Information is recorded by reversing the directions of magnetization of the first and second magnetic layers 3 and 5. FIG. 2 shows that, in the magnetic memory shown in FIG.
This shows a state where a sufficient current has flowed. At this time, the word line 7
Since the magnetic field generated from
The directions of magnetization of the second magnetic layers 3 and 5 are both downward as indicated by arrows in the figure. Since the magnetization directions of the first and second magnetic layers 3 and 5 are parallel, the resistance of the sense line in this state is low. FIG. 3 also shows that the direction of the magnetization of the first magnetic layer 3 having a large coercive force is not reversed from the back side to the front side of the page of the word line 7 and the magnetization This shows a state in which a current that generates a magnetic field that reverses only the direction is applied.
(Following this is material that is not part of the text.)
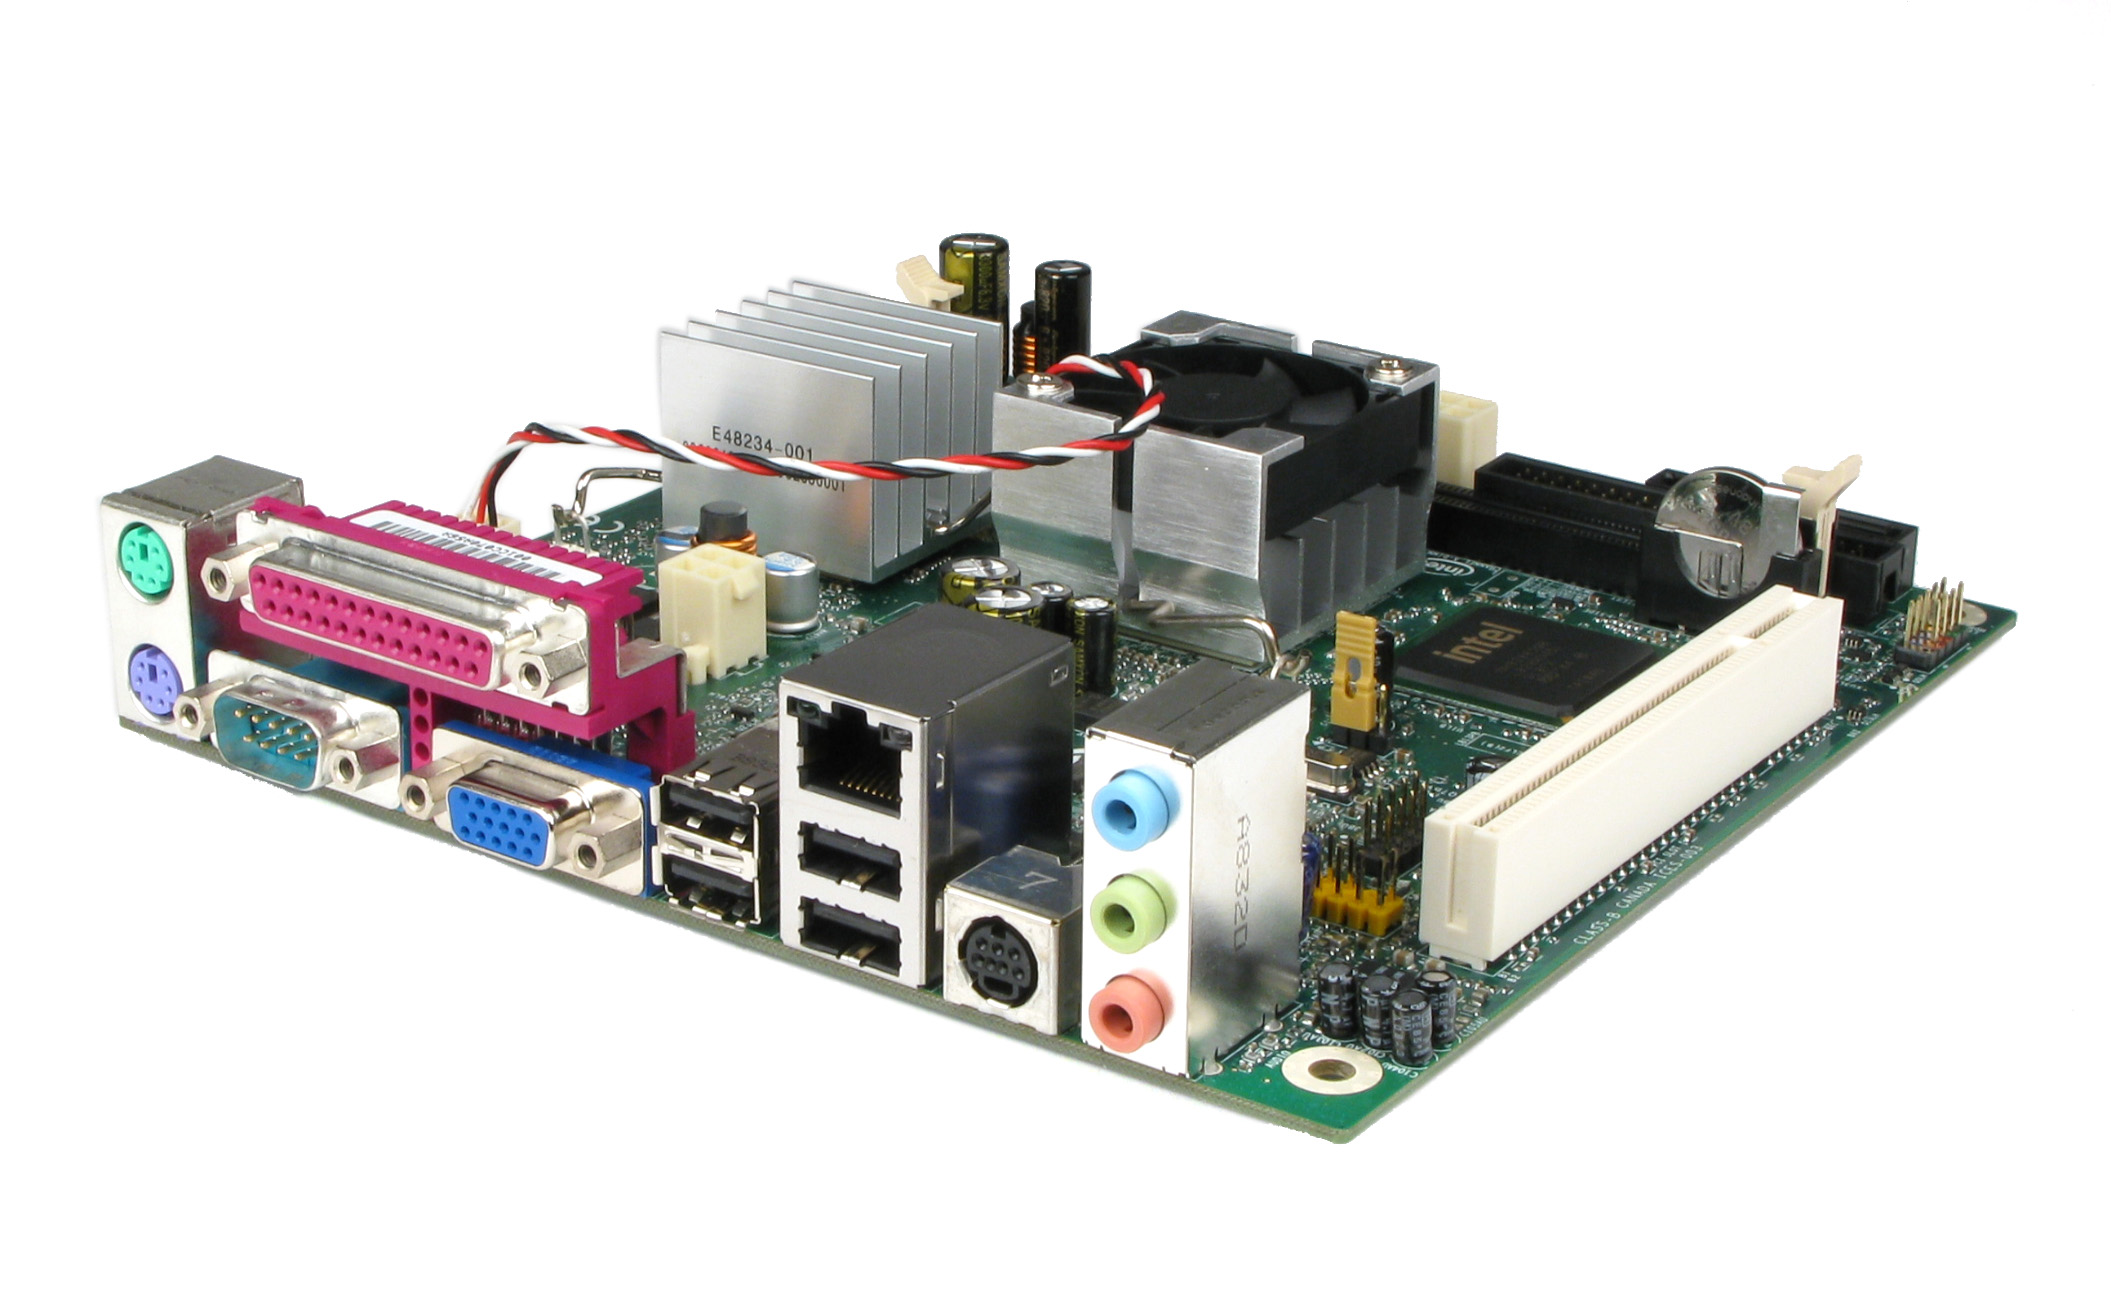 Intel\'s D945GCLF2 Little Falls 2: The DiAtomic Mainboard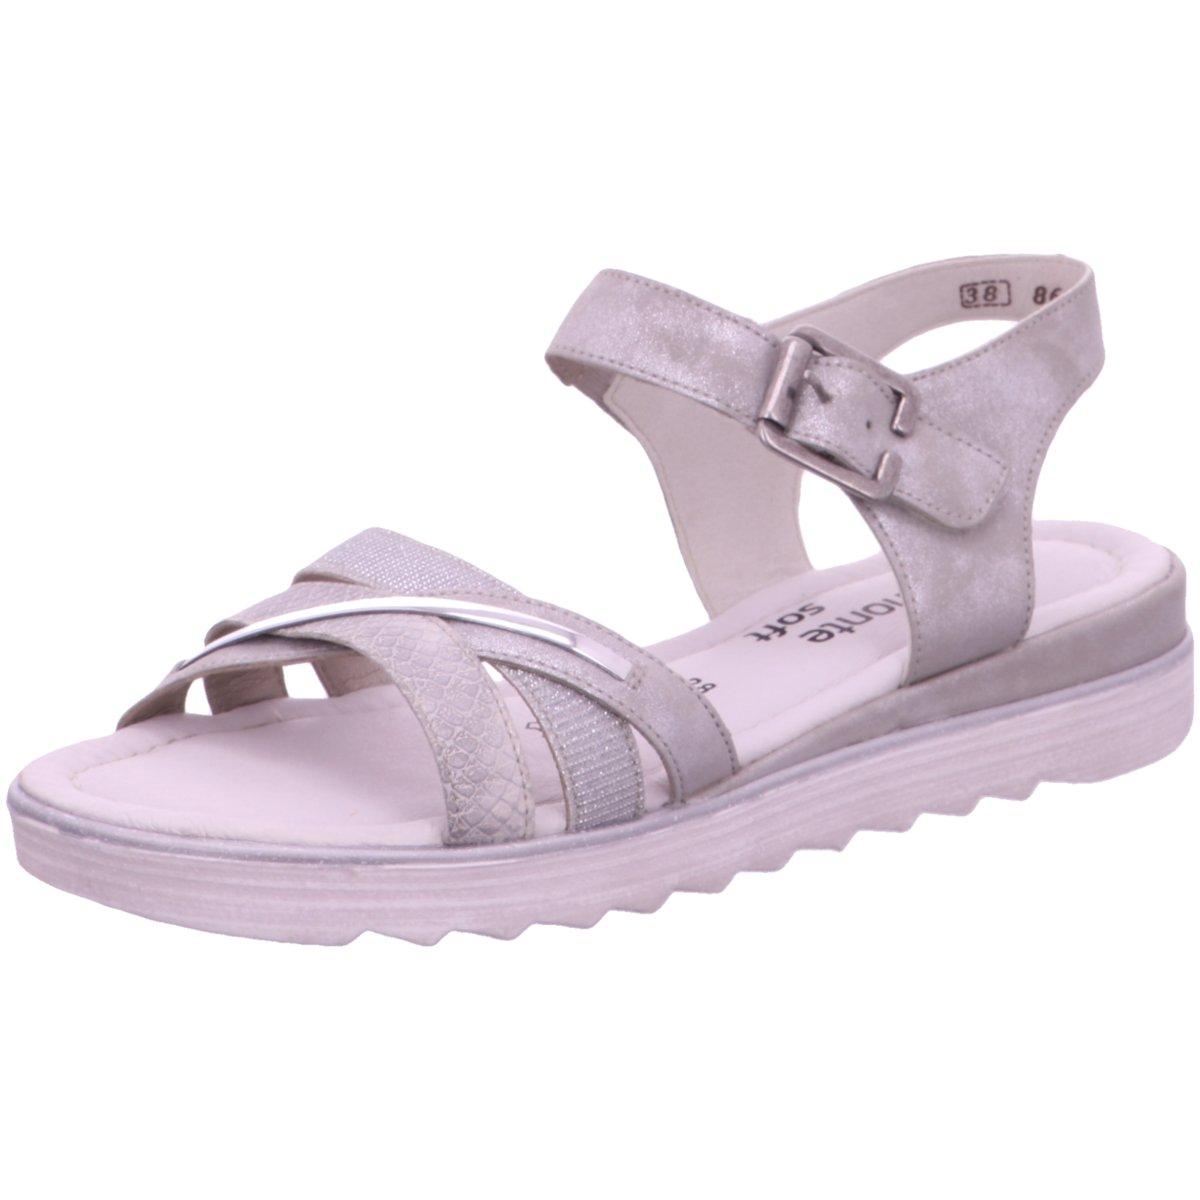 Remonte Damen Sandaletten D1151-90 grau 324305

At this time,
The magnetic field generated from the word line 7 is counterclockwise on the paper, and only the direction of the magnetization of the second magnetic layer 5 is inverted and upward as indicated by the arrow in the drawing. Since the magnetization directions of the first and second magnetic layers 3 and 5 are antiparallel, the GMR effect as described above occurs, and the resistance of the sense line increases. In this manner, information can be recorded based on the level of the resistance of the sense line.

[0008]

DETAILED DESCRIPTION OF THE PREFERRED EMBODIMENTS Referring to FIG.
Cr for electrodes 2 and 6, Al for spacer layer 4
₂ O ₃ , and CoCr as the first and second magnetic layers 3 and 5.
_A magnetic memory was fabricated using ₂ O. The first and second magnetic layers 3 and 5 increase the coercive force of the first magnetic layer and decrease the coercive force of the second magnetic layer by changing the substrate heating temperature during film formation by the sputtering method. I have. As described above, when information was recorded on this magnetic memory by applying a current that generates two types of magnetic fields to the word line 7, high sensitivity and high S / S were obtained.
N was confirmed.

[0009]

As described above in detail, according to the present invention, the magnetic layers formed on the upper and lower surfaces of the nonmagnetic layer are made of a magnetic material having an easy axis of magnetization perpendicular to the film surface. It is easy to control the direction of the axis of easy magnetization during the film formation process, and it is possible to obtain a magnetic memory with a large change in resistance and high sensitivity.

[Brief description of the drawings]

FIG. 1 is a schematic vertical sectional view showing a configuration of a magnetic memory according to the present invention.

FIG. 2 is a schematic longitudinal sectional view showing a low resistance state of the magnetic memory of the present invention.

FIG. 3 is a schematic longitudinal sectional view showing a high resistance state of the magnetic memory of the present invention.

[Explanation of symbols]

 REFERENCE SIGNS LIST 1 non-magnetic substrate 2 lower electrode 3 first magnetic layer 4 spacer layer (non-magnetic layer) 5 second magnetic layer 6 upper electrode 7 word line

Claims (1)

[Claims] 1. A magnetic memory in which magnetic layers having magnetic anisotropy are laminated on upper and lower surfaces of a non-magnetic layer, respectively, and information is recorded according to the direction of magnetization of each of the magnetic layers. A magnetic memory formed of a magnetic film having anisotropy.